Rabbit Trails

Everyone seems to have a system for writing, and most people are willing to share it.  As most dissertation/thesis, aspiring freelance writers, and budding novelists know, there is a sizable industry devoted to telling you how to write:  what time you should write and for how long, what tools you will need, what alignment the planets ought to be in.  A quick Amazon search for “dissertation writing” spits out the following titles:  the ever famous Writing Your Dissertation in Fifteen Minutes a Day, Writing the Winning Thesis or Dissertation:  A Step-by-Step Guide (what is this “winning,” are there prizes I didn’t know about?  Is it cash?  I hope it’s cash.), Demystifying Dissertation Writing:  A Streamlined Process from Choice to Topic to Final Text. I have yet to find the title that actually interests me, which is How to Write Your Dissertation in Fifteen Minutes a Day While Playing Online Games and Watching West Wing Reruns. But alas.

Higher education websites are full of advice too, notably from overworked assistant professors describing in horrifying detail how one manages to produce enough published material in order to get a full time job and ultimately receive tenure.  Those articles frankly scare the shit out of me, not only because they speak to the appalling state of the academic job market but because they make me fear that the rest of my life is going to more or less feel like my first year of grad school.  I have always been “good at school” in general.  I always handed in assignments early in college and managed to get through final exams without having to pull any all-nighters (yes, the high school lunch room was MISERABLE for me, thank you for asking).  But in grad school I found myself feeling like I had to Say Something Brilliant in every class I was in, that every term paper I turned in needed to be of publishable quality (before I really had a clue what publishable quality was).  It seemed like everyone else had read Derrida back in like the third grade and had interesting and insightful things to say, and here I was just trying to figure out what “poststructuralist” meant.  I felt way, way behind.  I wondered why they had admitted me in the first place.  And my lack of interesting things to say in class or write in my term papers meant I had a hard time producing anything worth reading.

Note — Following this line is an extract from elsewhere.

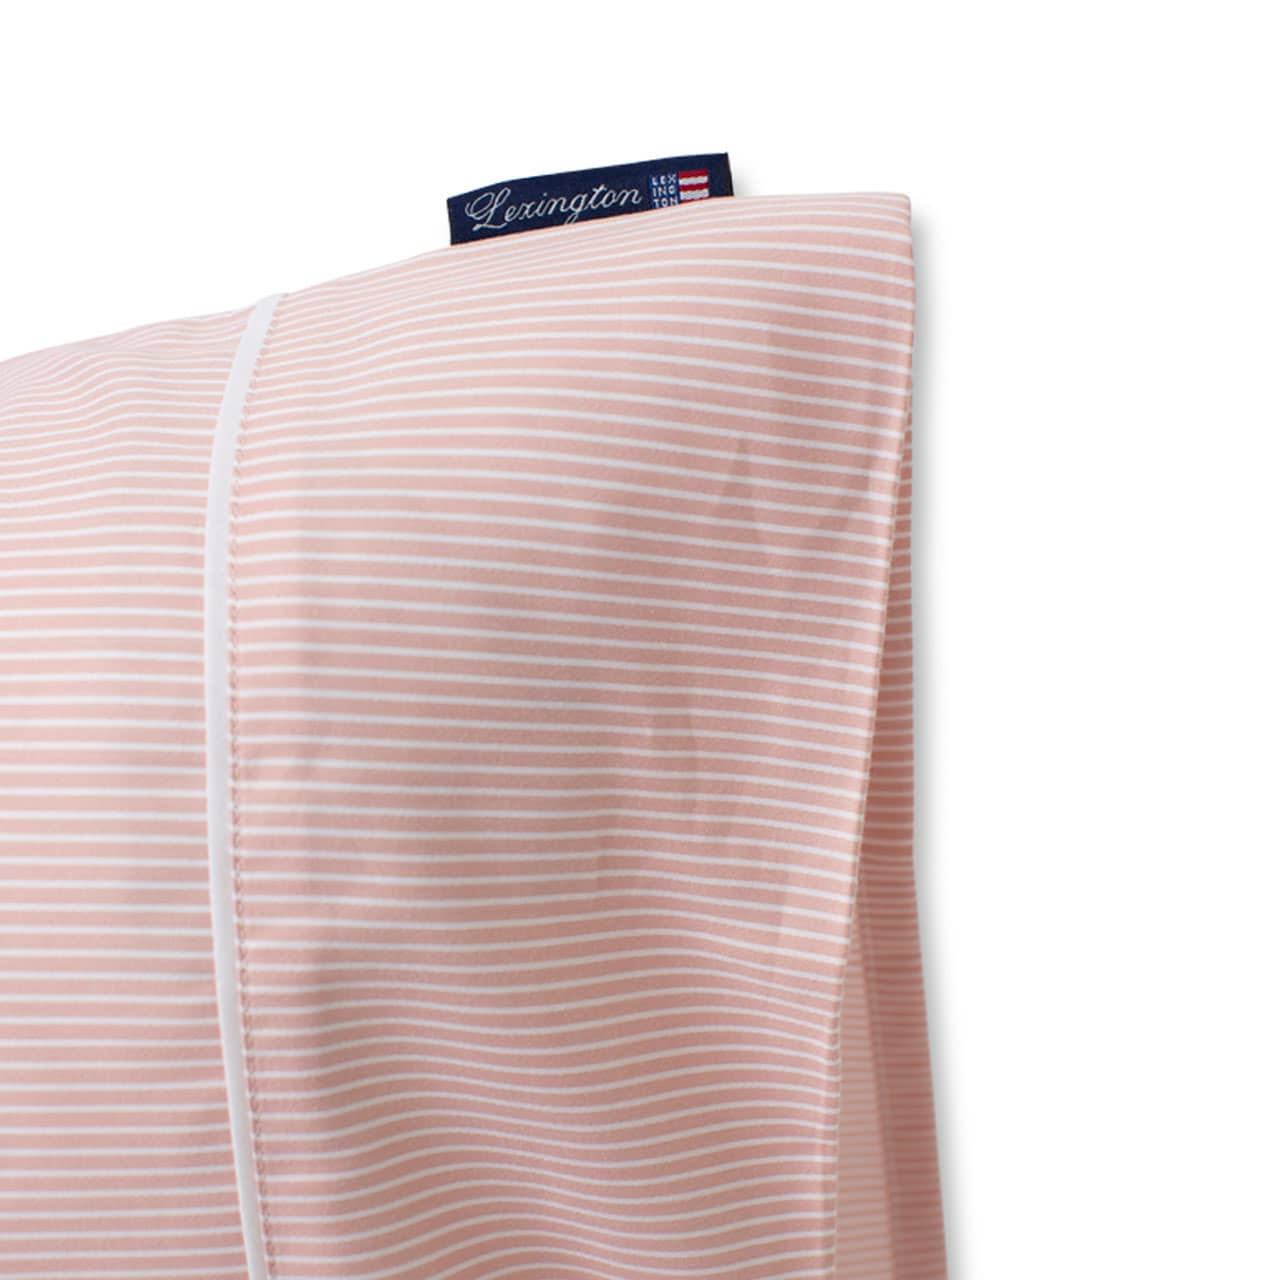 "LEXINGTON COMPANY - Bettdeckenbezug ""Striped Tencel/Cotton"""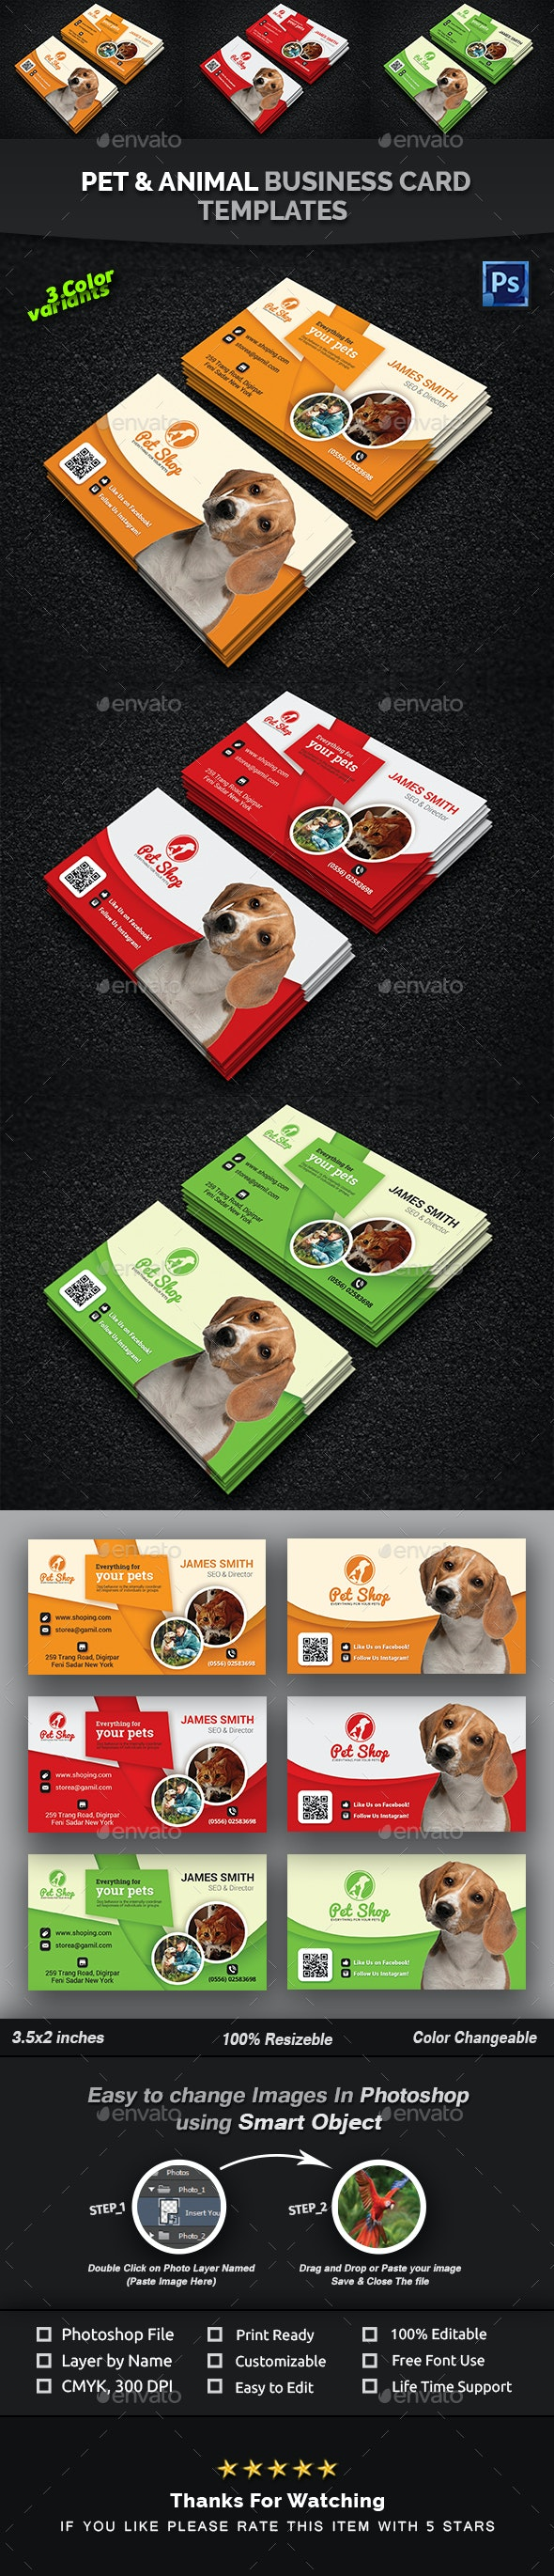 Pet Business Card | Animal Business Card Templates - Creative Business Cards

A switch sort of flipped in my second year when, after reading what most everyone else had been reading (you should read your Derrida, kids, it builds character), I started chasing rabbit trails.  I started reading stuff that wasn’t assigned and exploring subjects that people weren’t talking about and thinking of ways to make them interesting.  That’s how I wound up with a disseration that I feel passionate about and that is getting written pretty quickly.  I get so excited by the discoveries that I actually can write for seven hours a day and forget to eat lunch (and ignore West Wing reruns) when things are going well.  But getting there has also meant deviating from the schedule I established back in college, which was of the YOU MUST WRITE THIS MANY PAGES A DAY AND COMPLETE PROJECTS ACCORDING TO THIS SCHEDULE model that most advice columnists recommend.  I’m all for forcing yourself to write sometimes when you feel like procrastinating, making yourself just get it done when a deadline is looming and you know what you’re going to be saying anyway.

But sometimes procrastination isn’t just procrastination, if you know what I mean.  Sometimes it’s actually invention.  Sometimes there’s that book title that sounds really interesting to you but doesn’t seem to be relevant to whatever you are working on right this minute, so you put it on your “free time” list.  Then you get so exhausted with your current research that you pick it up anyway just to get your mind off of things and finding a new piece of information or a new connection that makes the whole thing come alive again.  Sometimes you fall down a Wikipedia hole during a bout of internet insomnia and wind up finding something significant.  This semester, I decided to take a class in Sociology, which I didn’t need to take and was, in fact, discouraged from taking because it would take time away from my dissertation, just because the course description sounded fascinating to me.  I wound up discovering scholars I had never heard of and encountering a wealth of data and theory that helped me complete both a dissertation chapter and an article in just a couple of months (over 100 pages of solid, final draft quality work, haters).  In other words, you never know where the rabbit trails are going to take you.  (That sounded unbelievably cheesy).

I don’t think we allow ourselves to do that enough, chase whatever wayward interest happens to seize you at the moment and follow it where it leads.  More than that, I don’t think we encourage our students to do that enough.  In a future post, I’ll explain why I structure and schedule writing assignments in a sort of idiosyncratic way, but I’ll just say this here.  Sometimes, the way we teach writing tends encourages a mindset focused on meeting a deadline at all costs (or suffer late penalties), or producing X number of pages, instead of producing vibrant, exciting work.  Structures and schedules are important, otherwise, we probably wouldn’t get much done.  But we ought to teach ourselves and our students to manage deadlines in a way that leaves room for discovery, whether that means taking on fewer projects at a time, or, when it seems important to do so, devoting a day or a week to chasing a rabbit.